Figure 3ROC-like curve for ENCODE spike-in data using either xMAN or Affymetrix probe mapping. We applied MAT with either xMAN or Affymetrix probe mapping to the spike-in data. xMAN and Affymetrix mapping achieved 100% and 96% True Positive Rate (TPR) at 0% False Discovery Rate (FDR) cutoff, respectively. A MAT prediction is considered correct if the center of the predicted region lies in the actual spike-in fragment. Please note that False Discovery Rate instead of False Positive Rate is used in this ROC-like curve.
Figure 4Estrogen receptor whole-genome ChIP-chip experiment using xMAN or Affymetrix probe mapping. We applied MAT with xMAN or Affymetrix probe mapping to the estrogen receptor ChIP-chip experiment on Affymetrix human genome 1.0 tiling array set, which consists of 14 arrays covering the non-repetitive human genome at 35 bp resolution.
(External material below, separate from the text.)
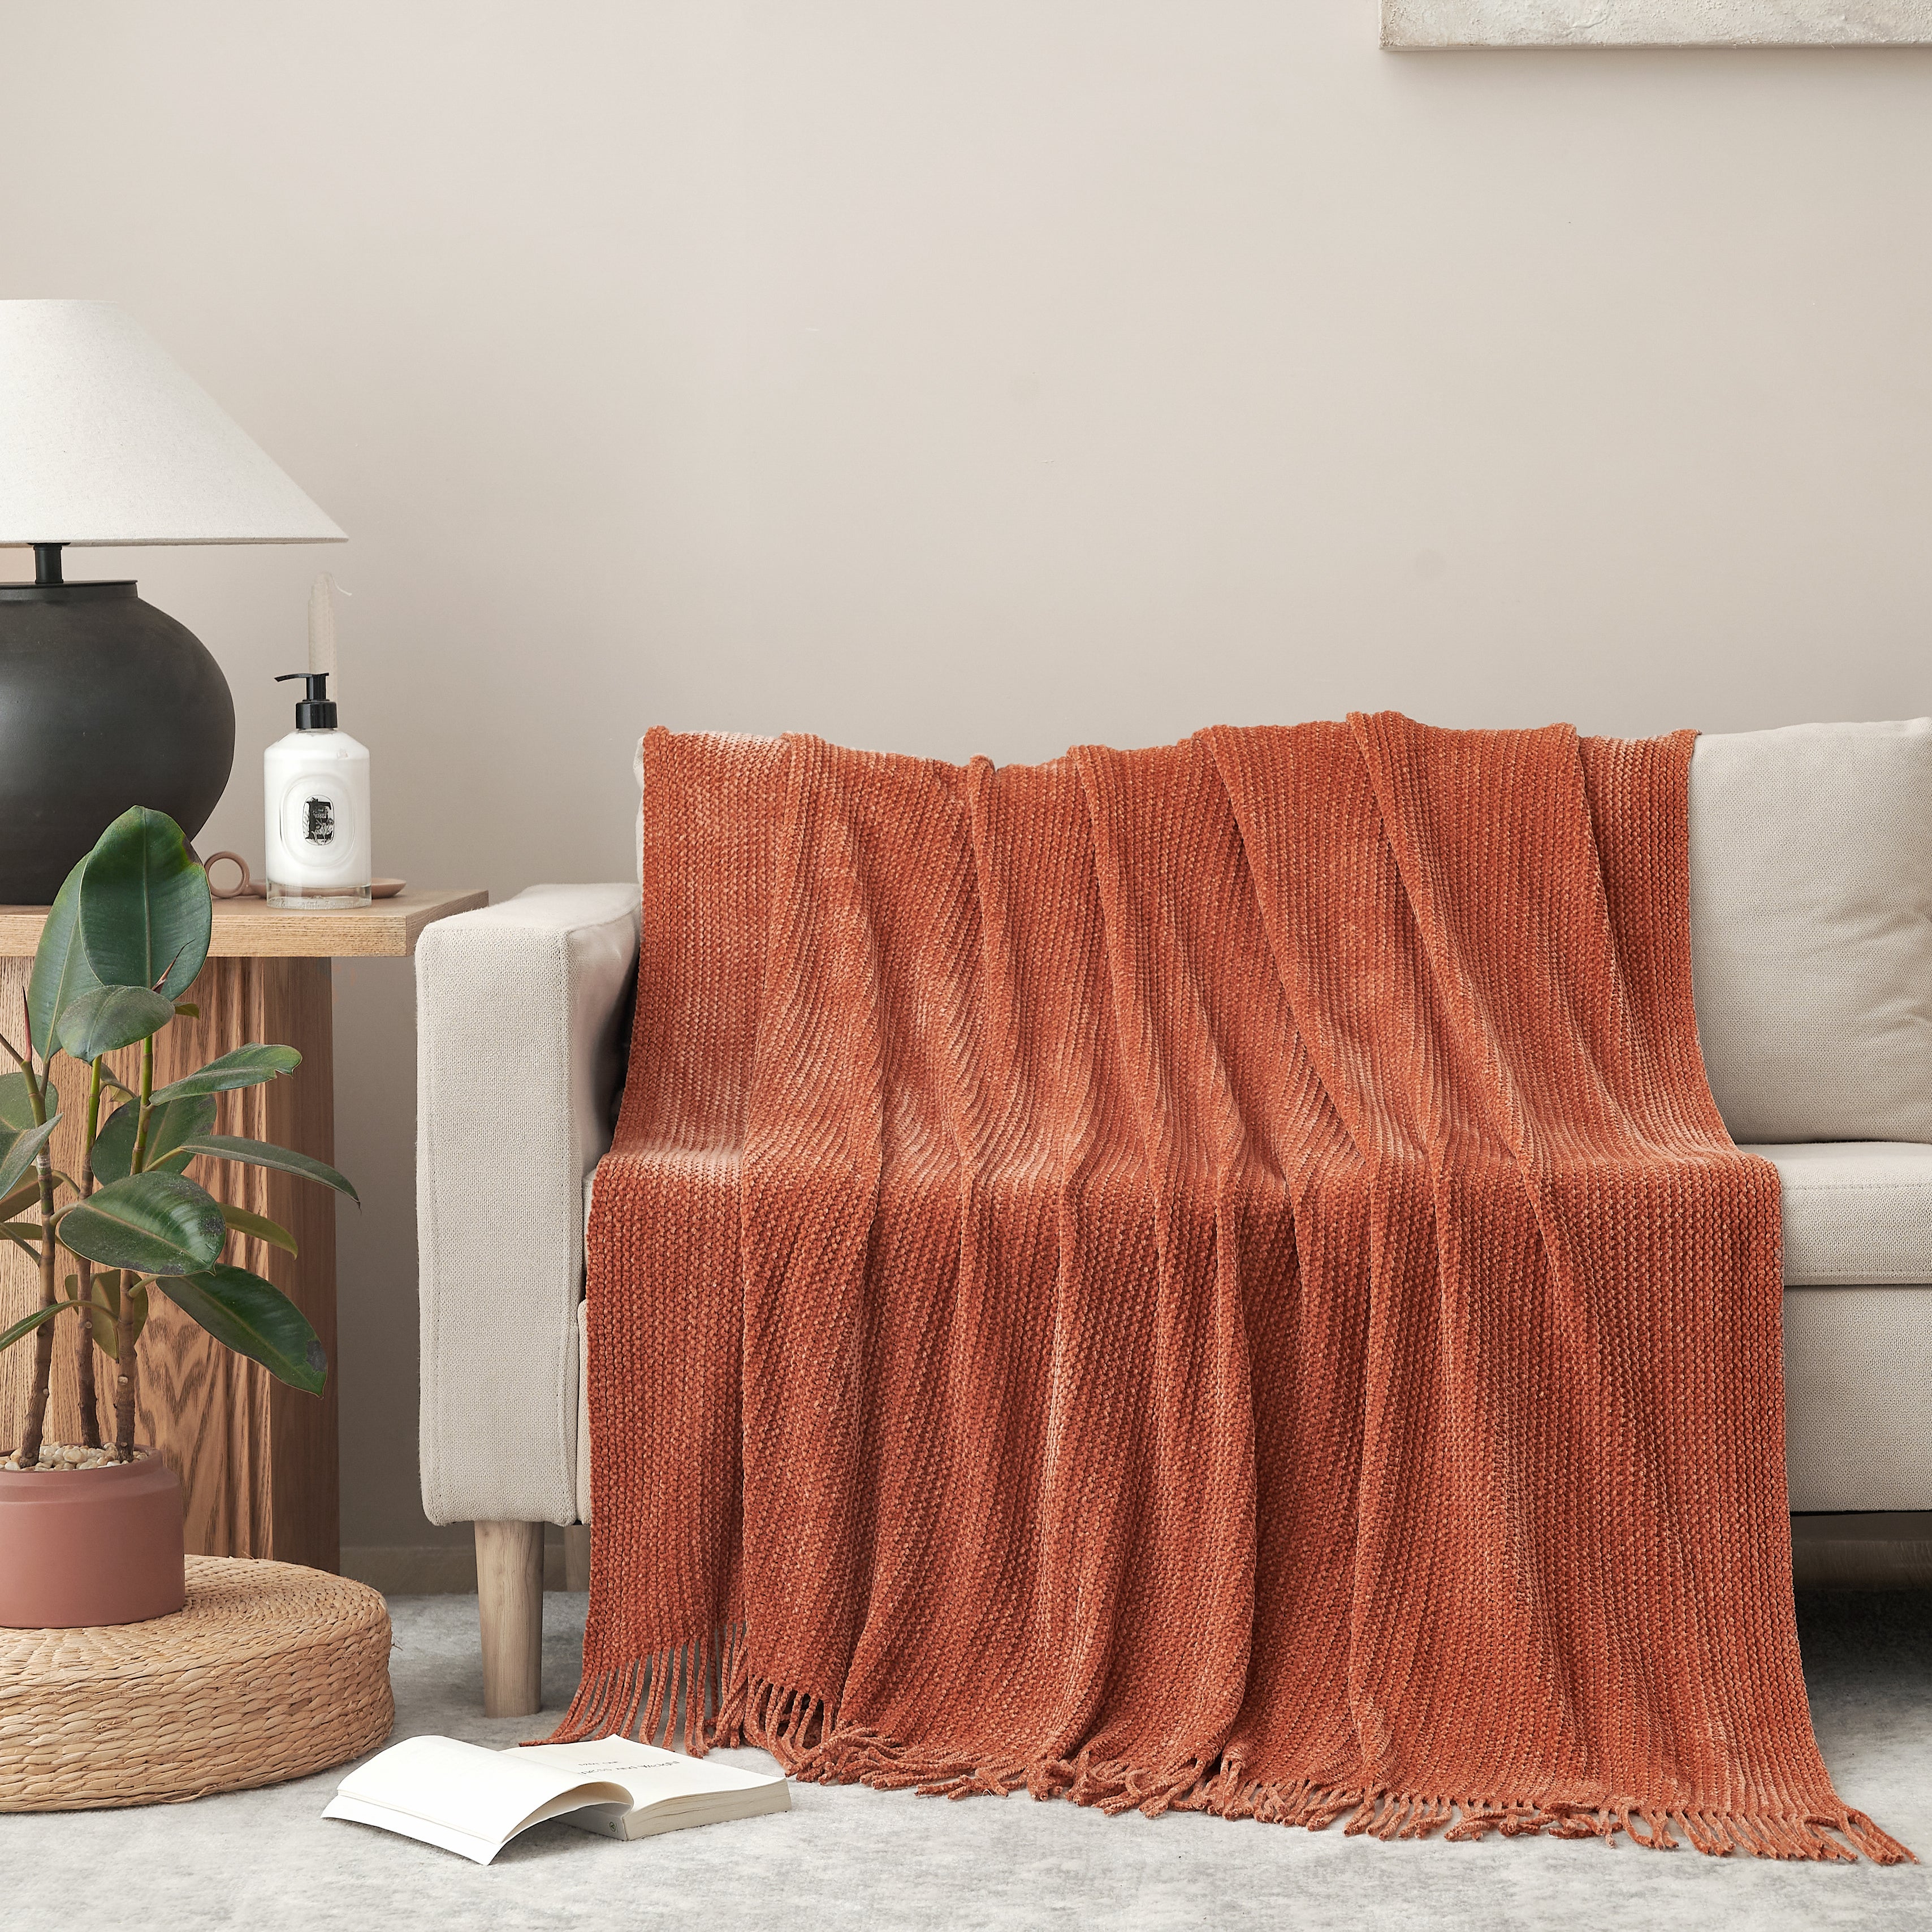 Ultra Soft and Cozy Chenille Throw Blanket with Fringes, 50 x 60 inches
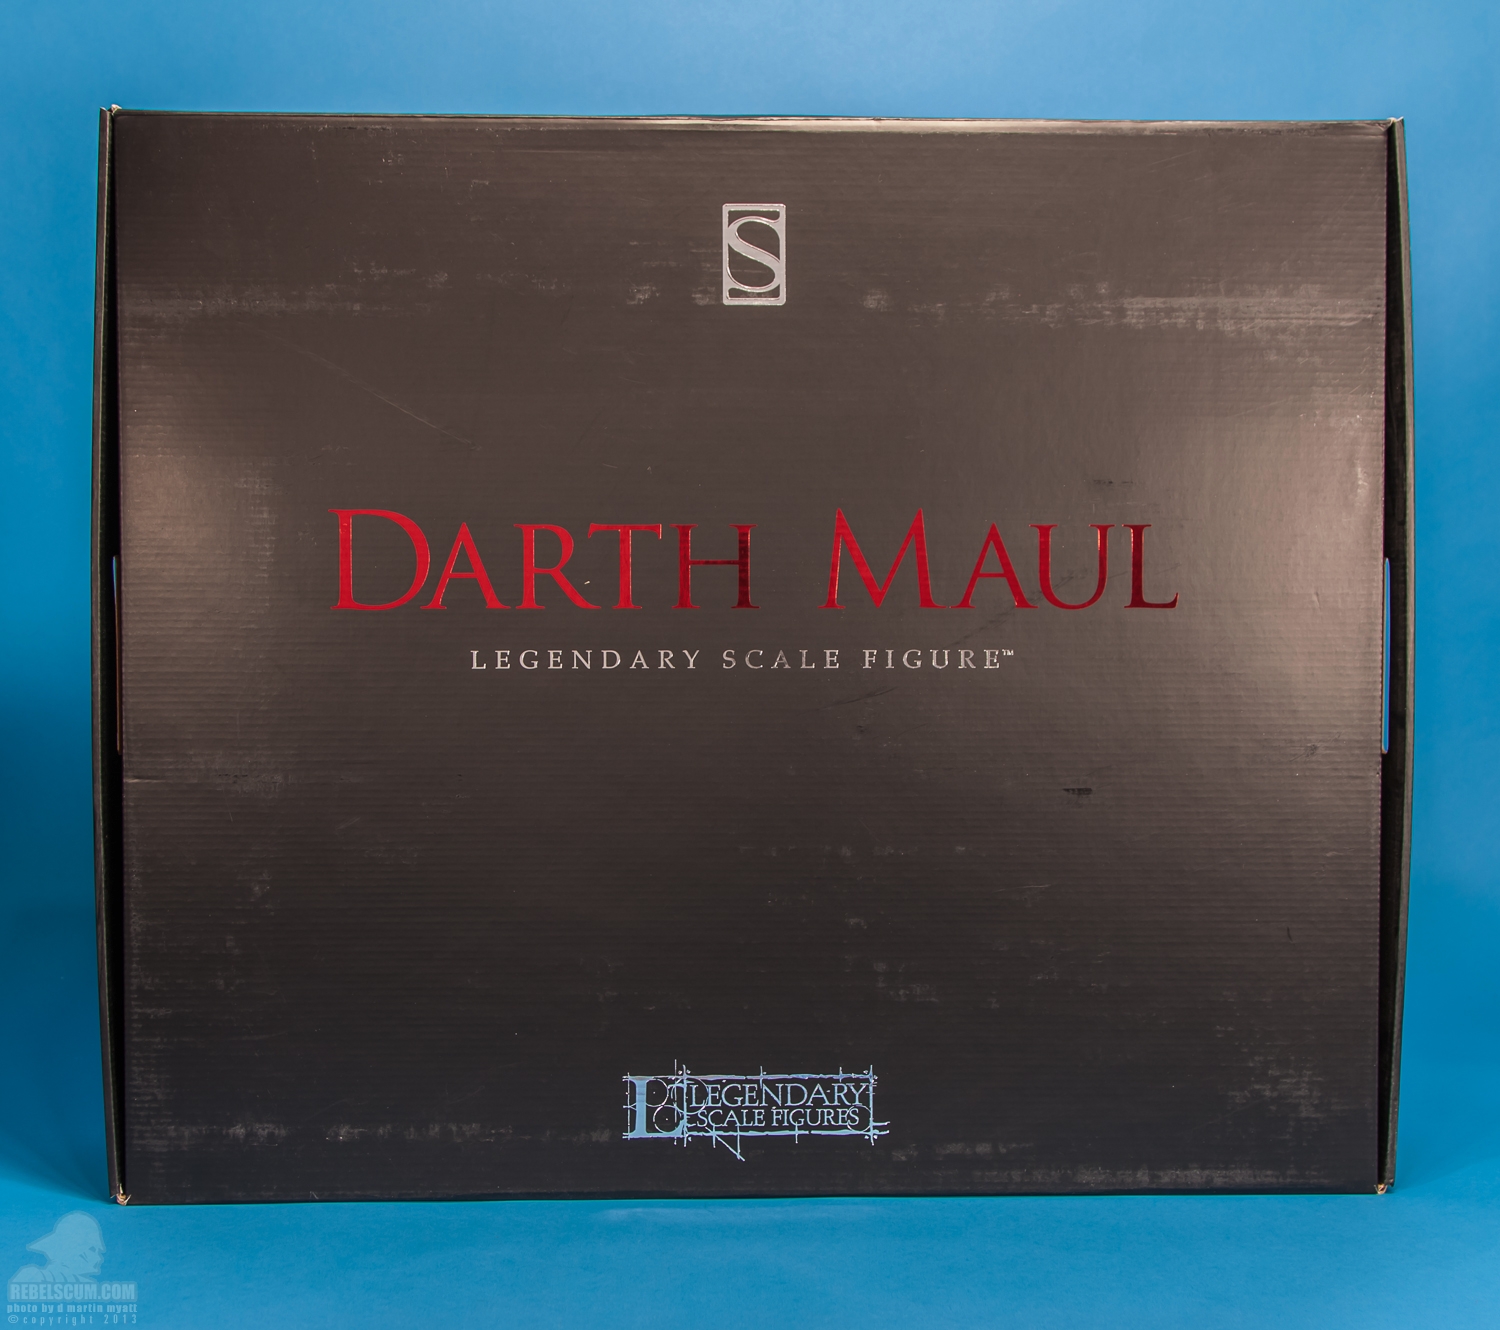 Darth_Maul_Legendary_Scale_Figure_Sideshow_Collectibles-33.jpg

A) MATscore histogram: The standard deviations estimated from the background NULL distribution are 1.07 and 1.09 using xMAN and Affymetrix probe mapping, respectively. Only the bottom part of the histogram was shown.
B) Scatter plot of false discovery rate (FDR) versus number of true positives. Under each cutoff, the number of true positive is estimated as the number of positive peaks minus the number of negative peaks; the FDR is estimated as the number of negative peaks divided by number of positive peaks. Under the same FDR cutoff, MAT predicts more true positive peaks using xMAN probe mapping than using Affymetrix probe mapping.
Figure 5xMAN mapping example. In this example, we provide 4 entries in the query (A1, B, A2 and C). A1 and A2 have exactly the same sequence, so they will be mapped to exactly the same genomic position(s). B has 3 copies and C has no match in the genome. The xMAN statistics for this example are: NumUniqSeq: 3; NumSeq.MEntries: 1; NumQueryEntries: 4; NumSeq.MGenomeMatches: 1; NumSeq. NoGenomeMatch: 1; NumTotalEntries: 5.